=== WHAT THIS TASK INVOLVES ===
Would you please repeat all of the data exactly, omitting the pictures?

=== SUPPLIED INFORMATION ===
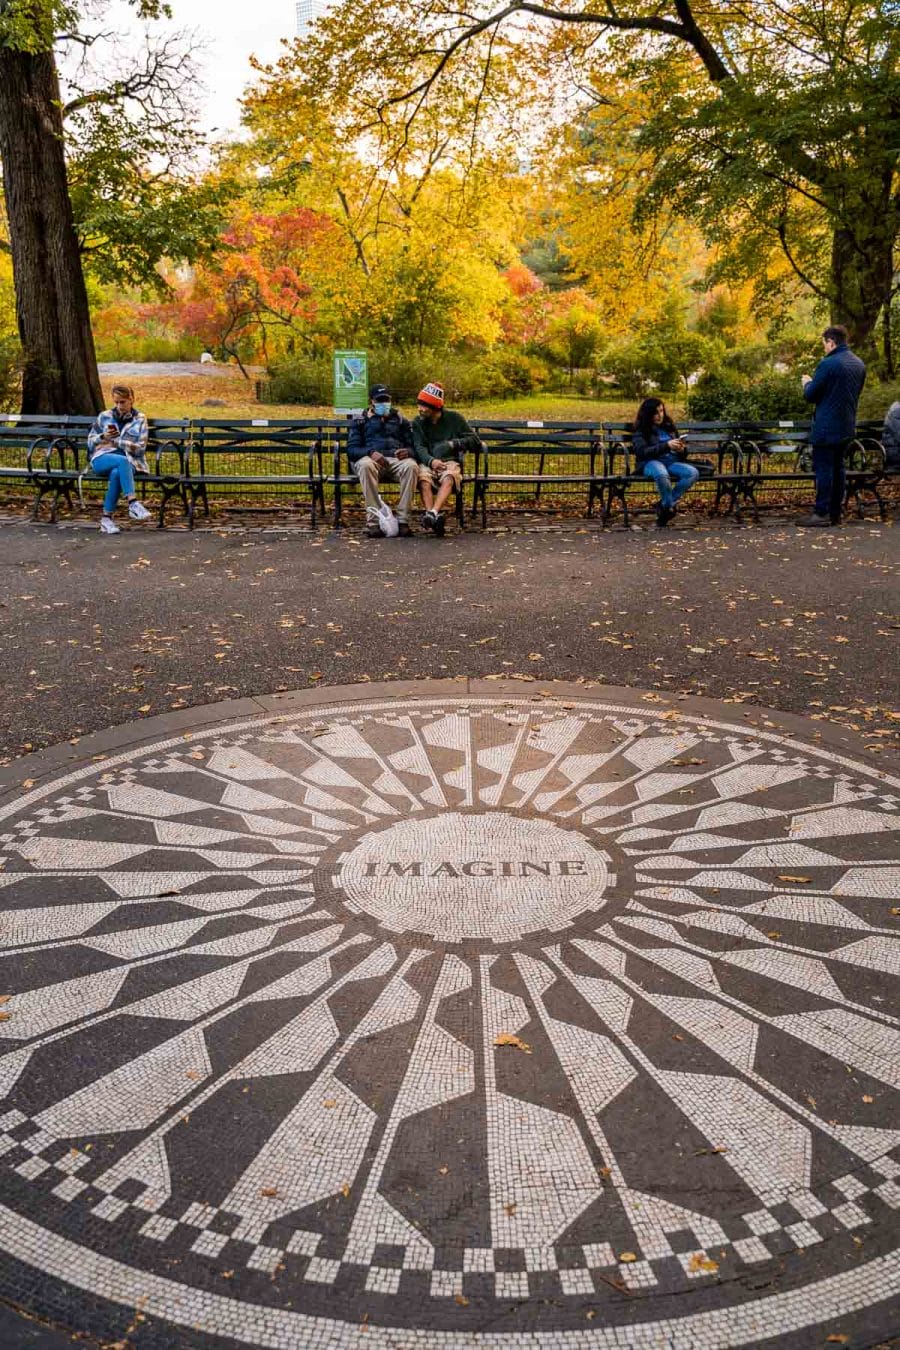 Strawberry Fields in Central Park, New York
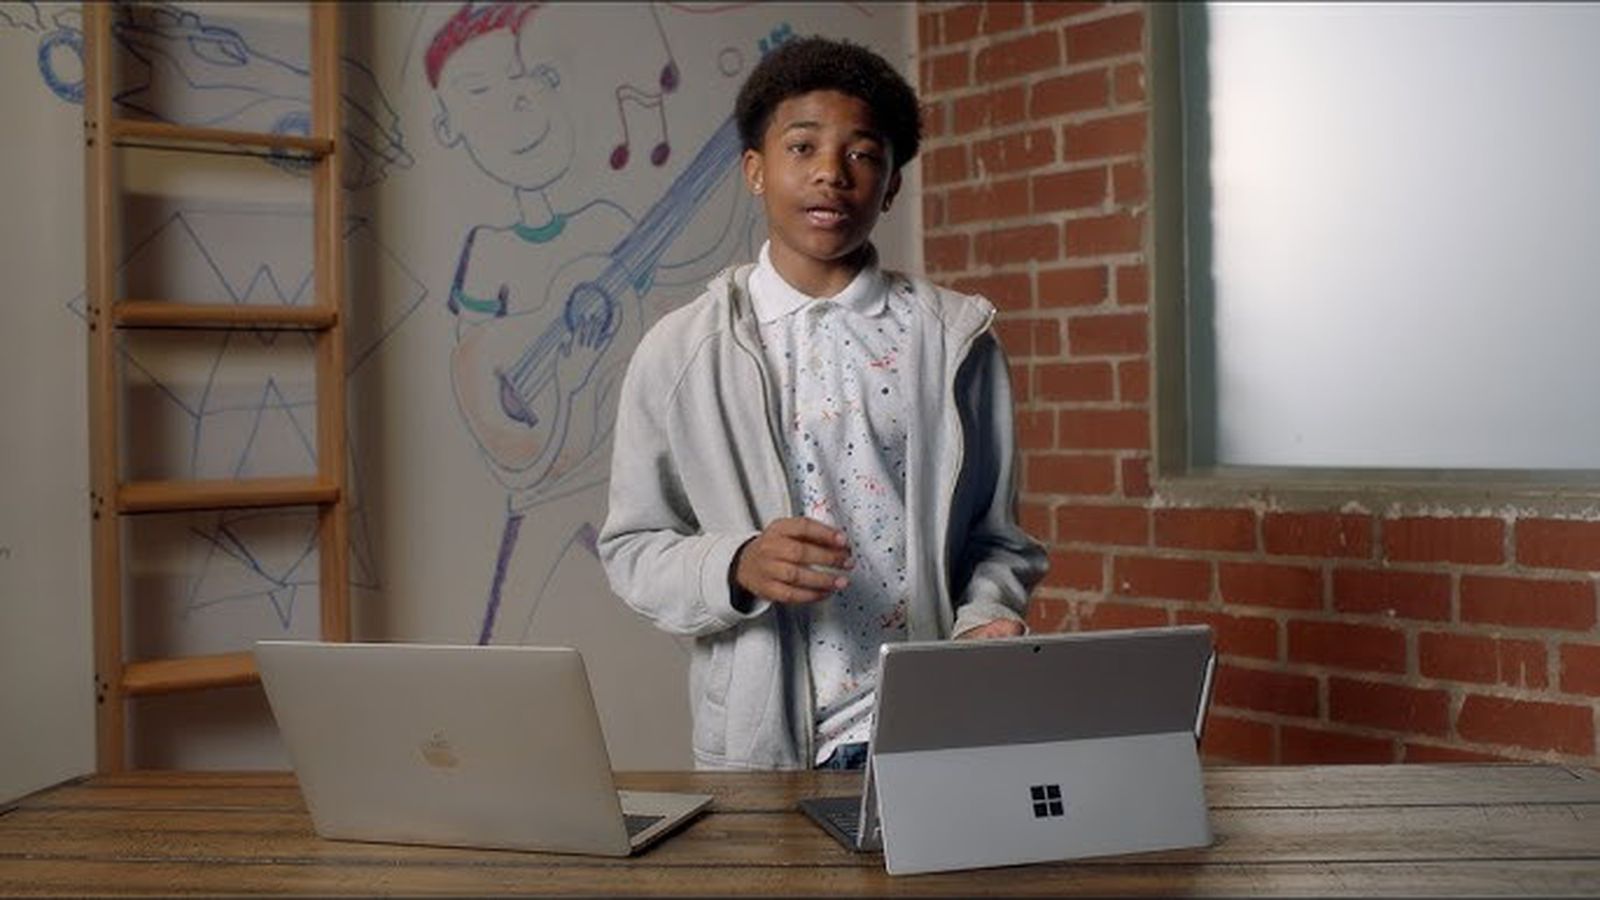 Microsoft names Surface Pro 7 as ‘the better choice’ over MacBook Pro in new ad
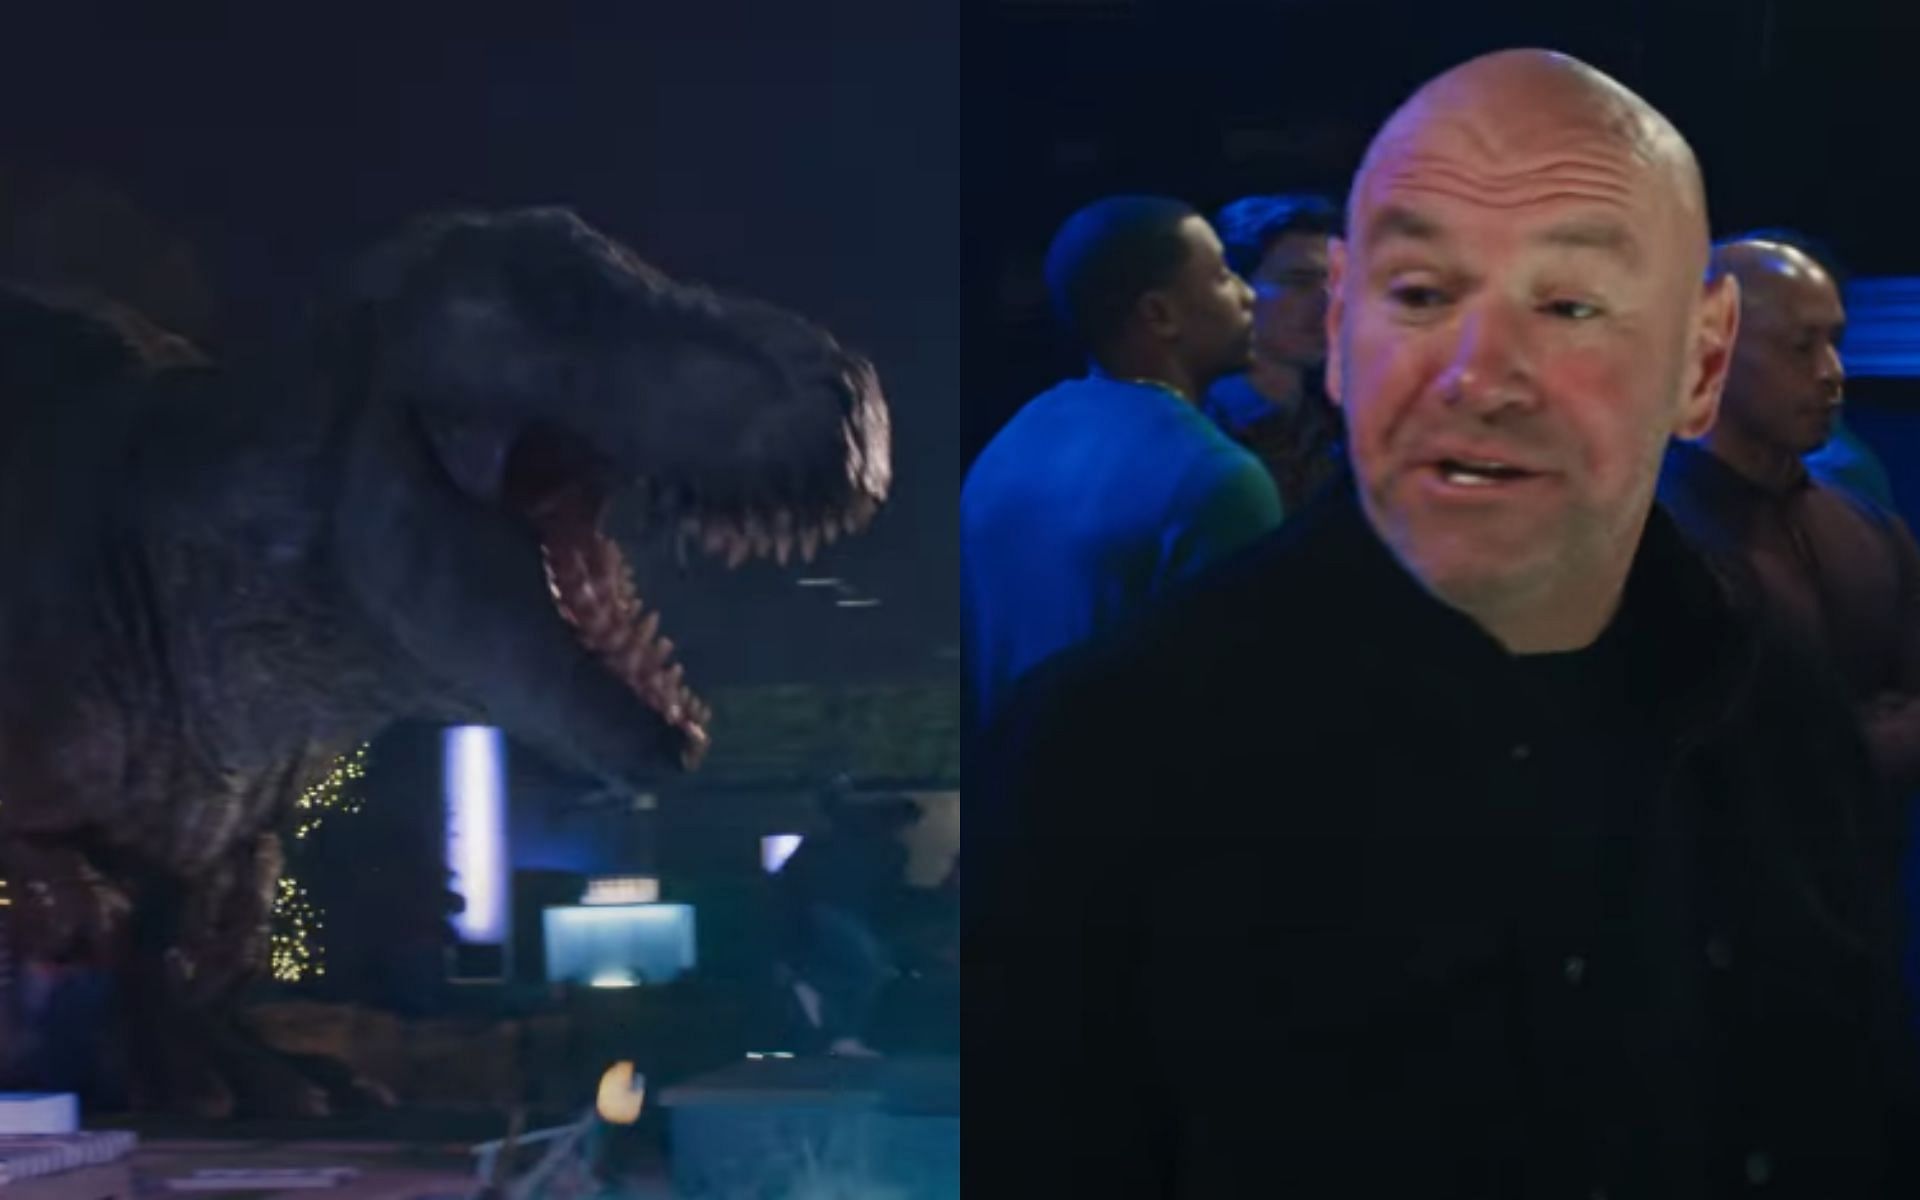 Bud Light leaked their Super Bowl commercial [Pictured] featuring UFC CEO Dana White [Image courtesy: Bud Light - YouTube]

=== SOLUTION TO THIS EXERCISE ===
 Strawberry Fields in Central Park, New York
 Microsoft names Surface Pro 7 as ‘the better choice’ over MacBook Pro in new ad
 Bud Light leaked their Super Bowl commercial [Pictured] featuring UFC CEO Dana White [Image courtesy: Bud Light - YouTube]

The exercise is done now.